INFO  [Service Thread] 2021-10-04 15:24:09,306 GCInspector.java:285 - G1 Old Generation GC in 2046ms.  G1 Eden Space: 528482304 -> 0; G1 Old Gen: 759785184 -> 761229864;
...
INFO  [Service Thread] 2021-10-04 15:24:14,749 GCInspector.java:285 - G1 Old Generation GC in 5403ms.  G1 Old Gen: 761229864 -> 762168640;
...
INFO  [Service Thread] 2021-10-04 15:24:16,782 GCInspector.java:285 - G1 Old Generation GC in 1949ms.  G1 Old Gen: 762168640 -> 762167640;
...
INFO  [Service Thread] 2021-10-04 15:25:09,406 GCInspector.java:285 - G1 Old Generation GC in 52302ms.  G1 Eden Space: 8388608 -> 0; G1 Old Gen: 762167640 -> 762168160;
...
INFO  [Service Thread] 2021-10-04 15:25:15,011 GCInspector.java:285 - G1 Old Generation GC in 5522ms.  G1 Eden Space: 192937984 -> 0; G1 Old Gen: 762168160 -> 770098088;
...
INFO  [Service Thread] 2021-10-04 15:25:31,453 GCInspector.java:285 - G1 Old Generation GC in 16310ms.  G1 Eden Space: 201326592 -> 0; G1 Old Gen: 770098088 -> 769228400;
...
INFO  [Service Thread] 2021-10-04 15:25:33,597 GCInspector.java:285 - G1 Old Generation GC in 1984ms.  G1 Eden Space: 352321536 -> 0; G1 Old Gen: 750824952 -> 751118968;
...
INFO  [Service Thread] 2021-10-04 15:25:50,152 GCInspector.java:285 - G1 Old Generation GC in 16411ms.  G1 Eden Space: 8388608 -> 0; G1 Old Gen: 751118968 -> 751645056;
{noformat}
Example of direct memory oom from system.log
{noformat}
INFO  [ScheduledTasks:1] 2021-10-04 15:25:31,484 MessagingService.java:1246 - READ messages were dropped in last 5000 ms: 2 internal and 7 cross node. Mean internal dropped latency: 47238 ms and Mean cross-node dropped latency: 45171 ms
INFO  [ScheduledTasks:1] 2021-10-04 15:25:31,484 MessagingService.java:1246 - COUNTER_MUTATION messages were dropped in last 5000 ms: 1 internal and 60 cross node. Mean internal dropped latency: 7289 ms and Mean cross-node dropped latency: 9509 ms
ERROR [CounterMutationStage-464] 2021-10-04 15:25:31,484 JVMStabilityInspector.java:94 - OutOfMemory error letting the JVM handle the error:
java.lang.OutOfMemoryError: Direct buffer memory
        at java.nio.Bits.reserveMemory(Bits.java:695) ~[na:1.8.0_292]
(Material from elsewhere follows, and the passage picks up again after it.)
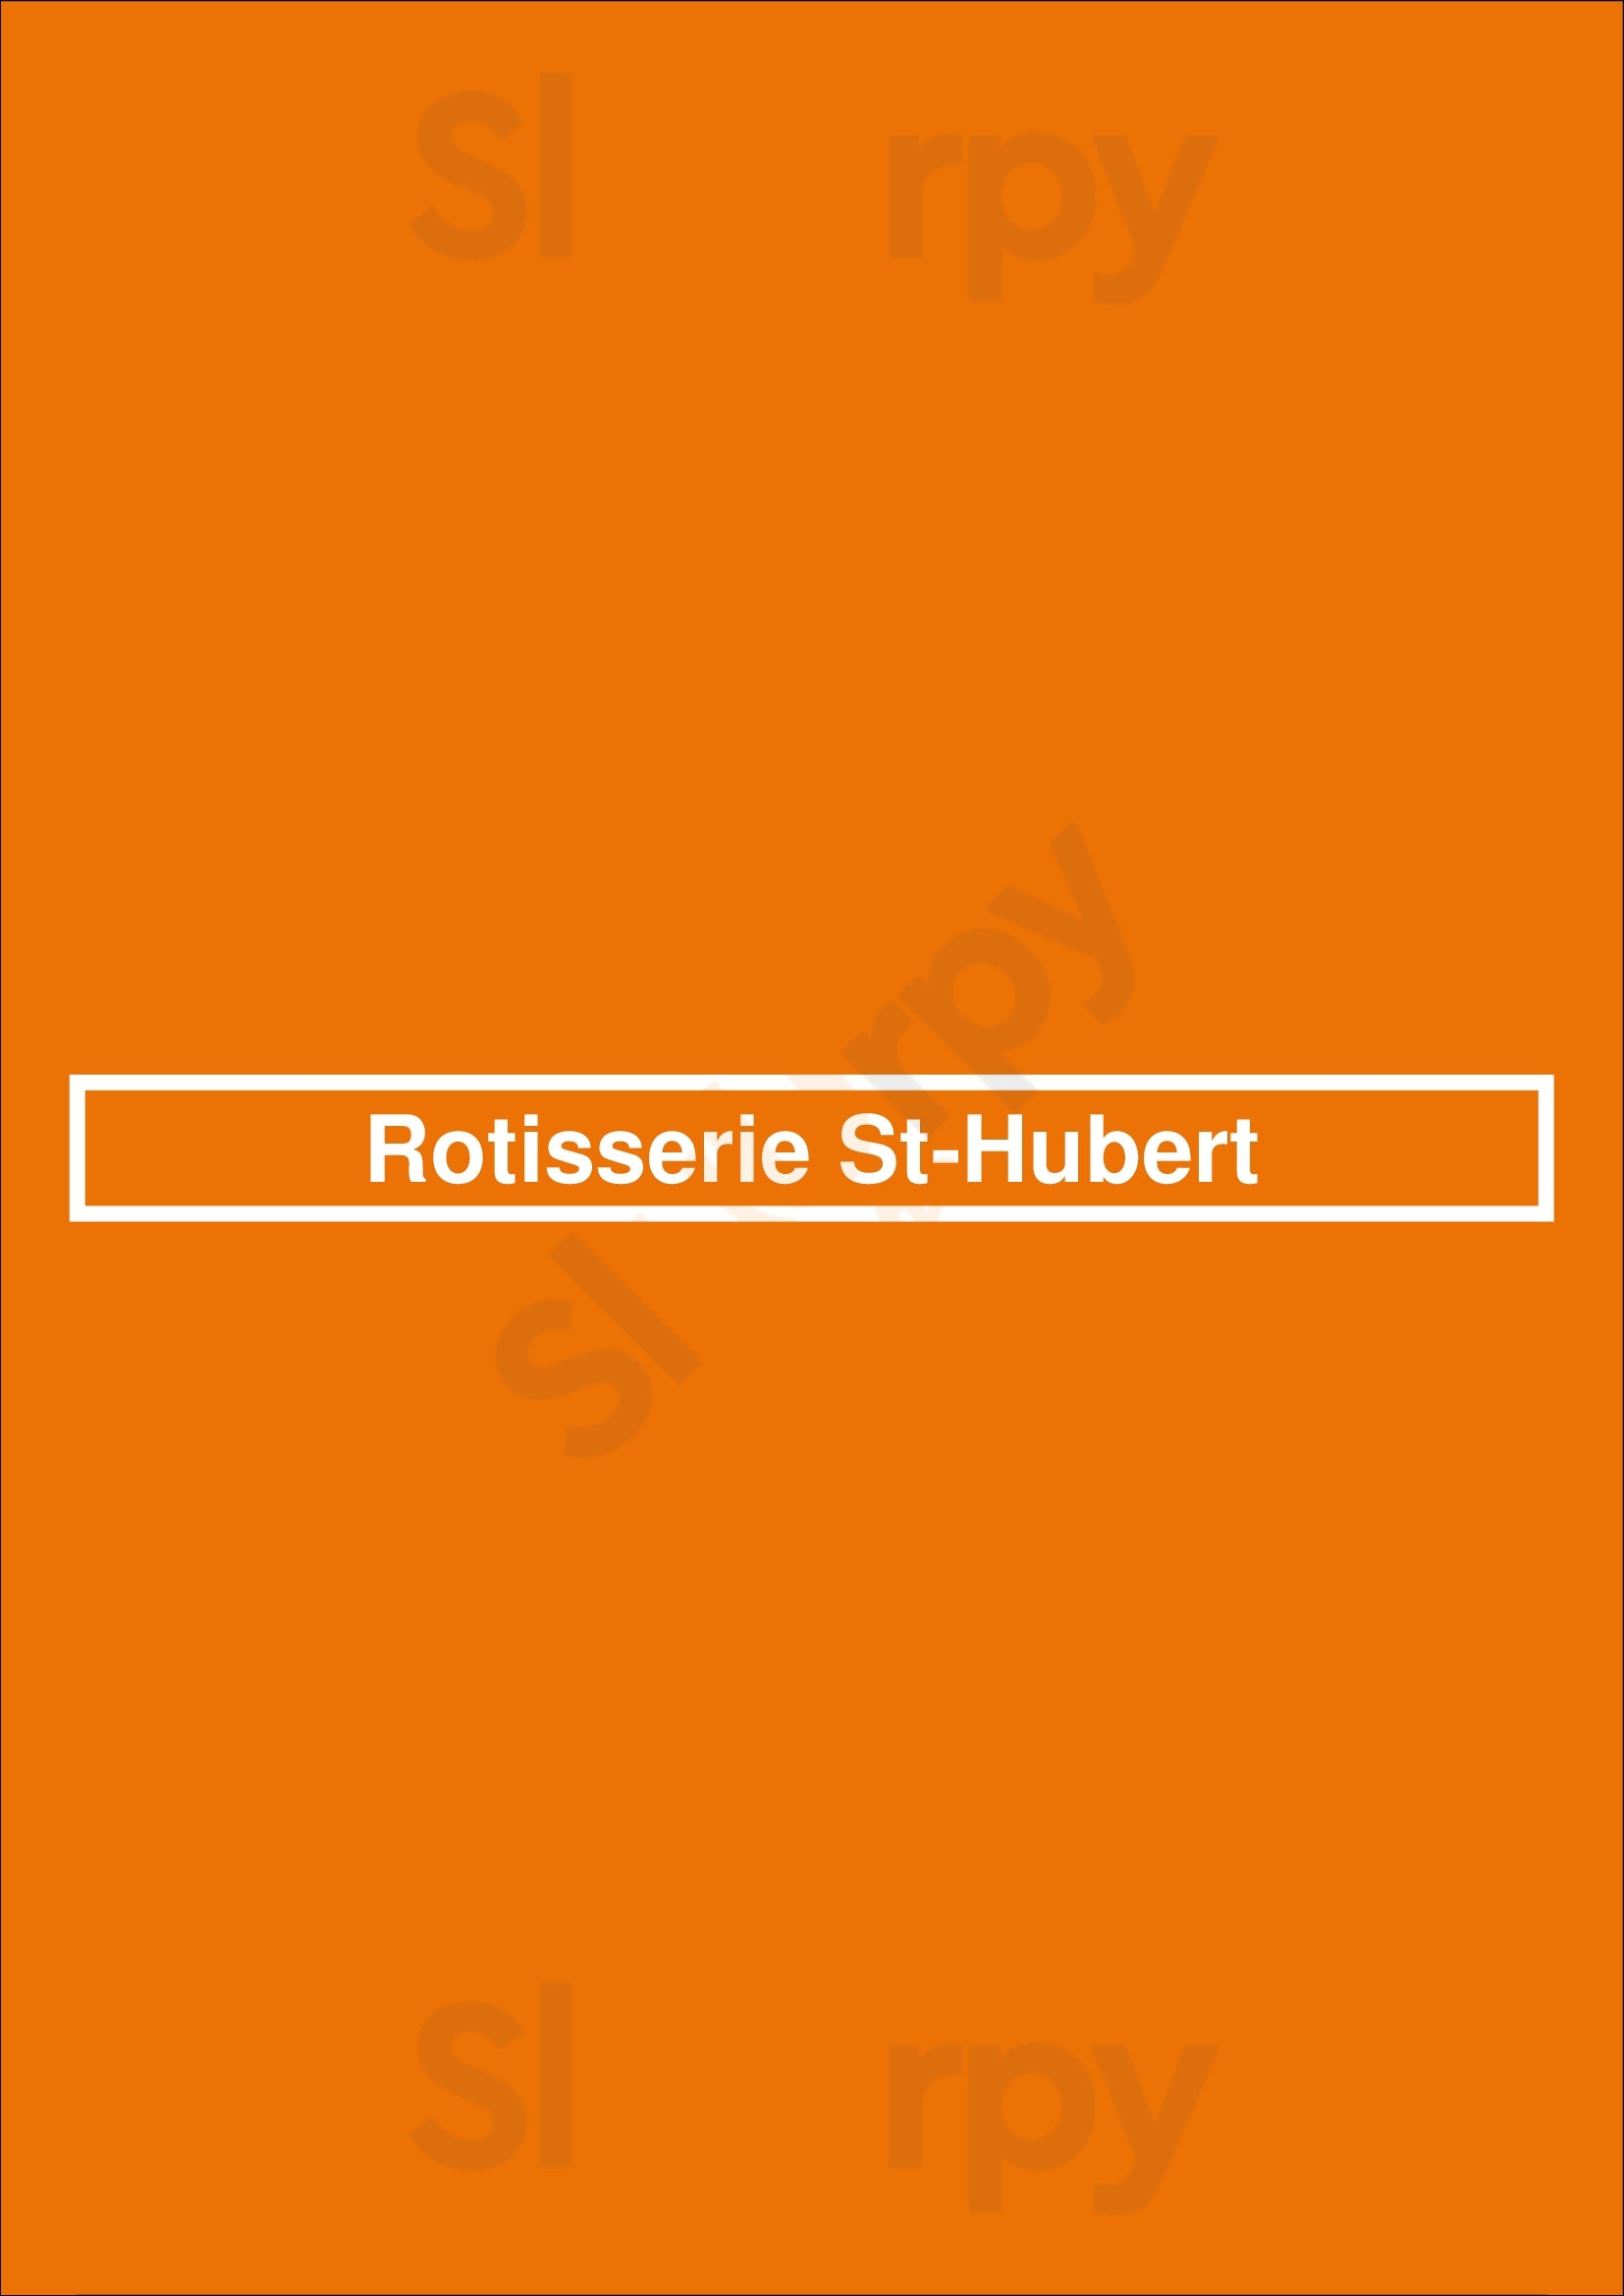 Rotisserie St-hubert Saint-Eustache Menu - 1
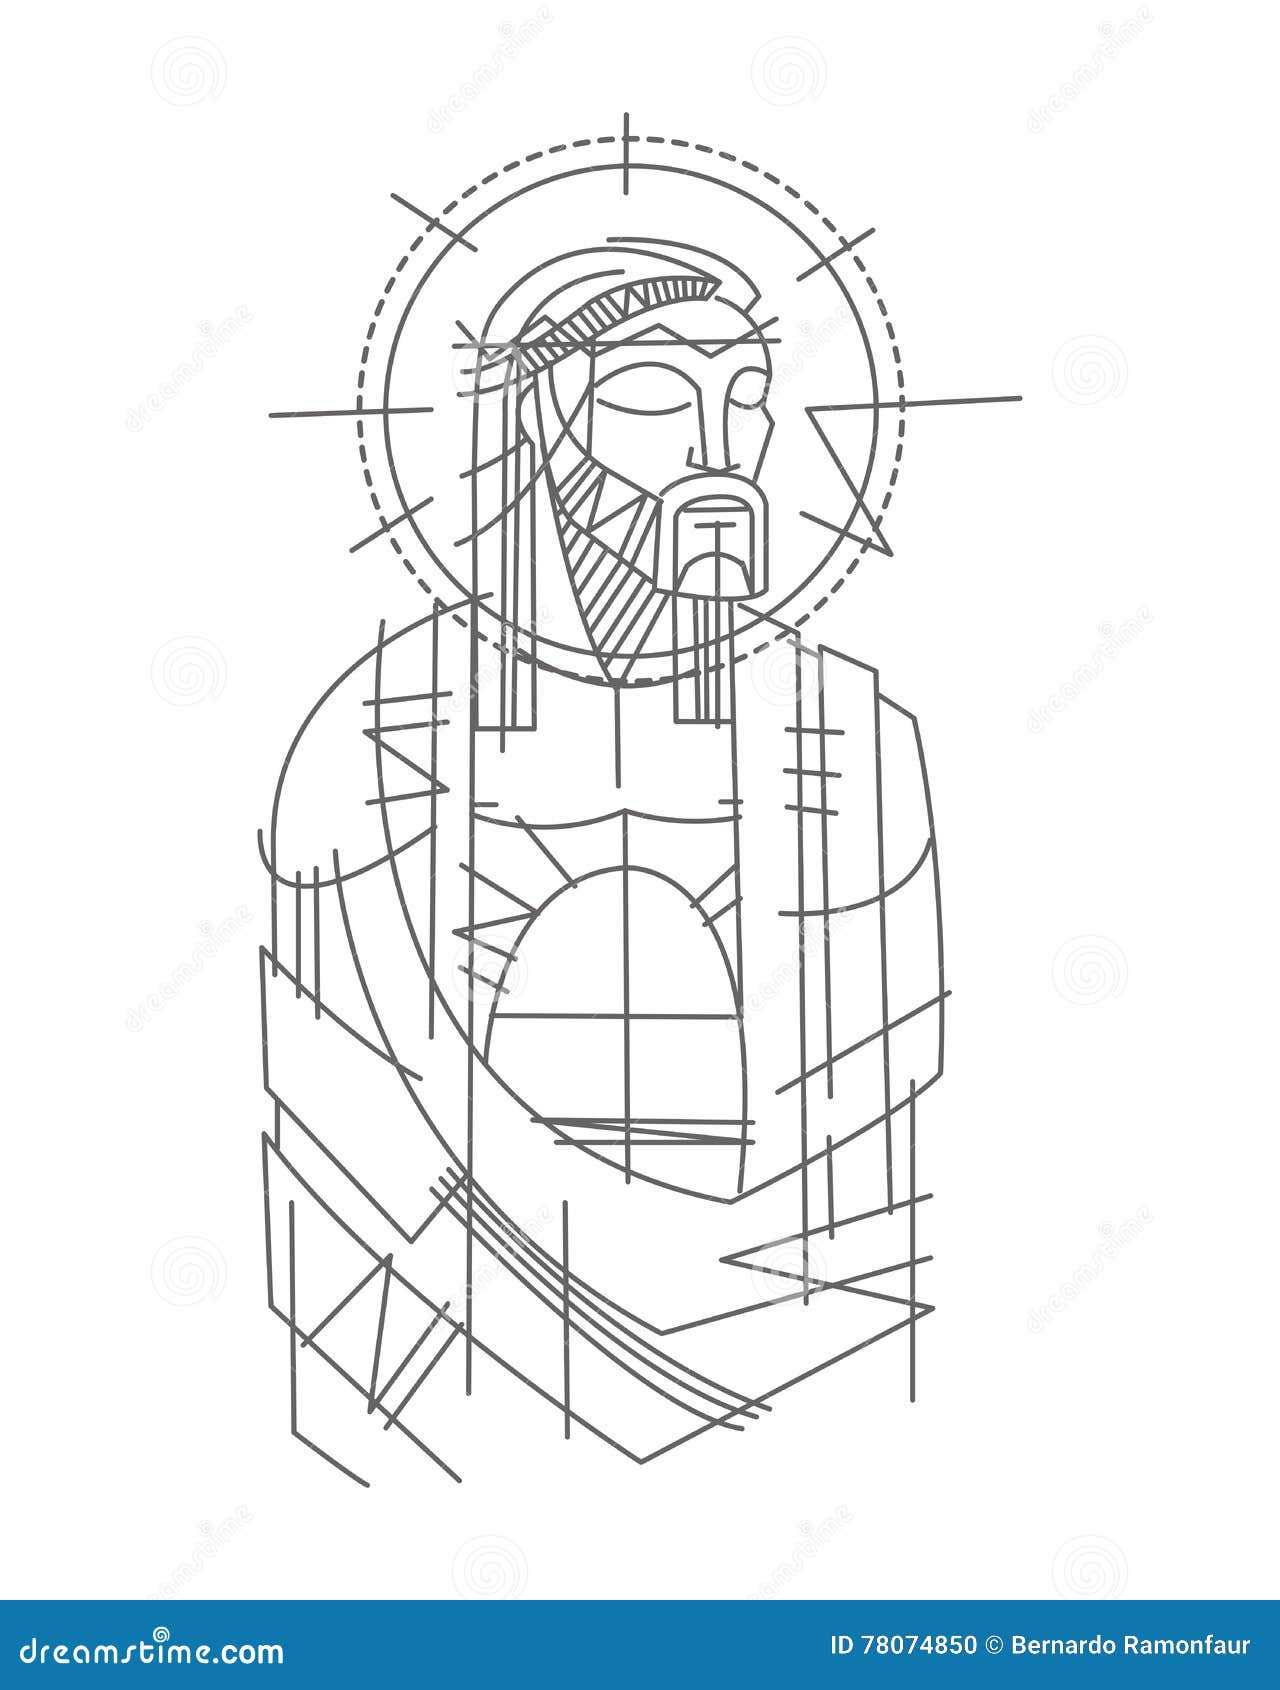 Jesus Christ pirisioner stock vector. Illustration of prisioner - 78074850

        at java.nio.DirectByteBuffer.<init>(DirectByteBuffer.java:123) ~[na:1.8.0_292]
        at java.nio.ByteBuffer.allocateDirect(ByteBuffer.java:311) ~[na:1.8.0_292]
        at org.apache.cassandra.utils.memory.BufferPool.allocate(BufferPool.java:114) ~[apache-cassandra-3.11.11.jar:3.11.11]
        at org.apache.cassandra.utils.memory.BufferPool.access$1000(BufferPool.java:50) ~[apache-cassandra-3.11.11.jar:3.11.11]
        at org.apache.cassandra.utils.memory.BufferPool$LocalPool.allocate(BufferPool.java:408) ~[apache-cassandra-3.11.11.jar:3.11.11]
        at org.apache.cassandra.utils.memory.BufferPool$LocalPool.access$000(BufferPool.java:335) ~[apache-cassandra-3.11.11.jar:3.11.11]
        at org.apache.cassandra.utils.memory.BufferPool.takeFromPool(BufferPool.java:126) ~[apache-cassandra-3.11.11.jar:3.11.11]
        at org.apache.cassandra.utils.memory.BufferPool.get(BufferPool.java:98) ~[apache-cassandra-3.11.11.jar:3.11.11]
        at org.apache.cassandra.cache.ChunkCache.load(ChunkCache.java:156) ~[apache-cassandra-3.11.11.jar:3.11.11]
        at org.apache.cassandra.cache.ChunkCache.load(ChunkCache.java:39) ~[apache-cassandra-3.11.11.jar:3.11.11]
        at com.github.benmanes.caffeine.cache.BoundedLocalCache$BoundedLocalLoadingCache.lambda$new$0(BoundedLocalCache.java:2949) ~[caffeine-2.2.6.jar:na]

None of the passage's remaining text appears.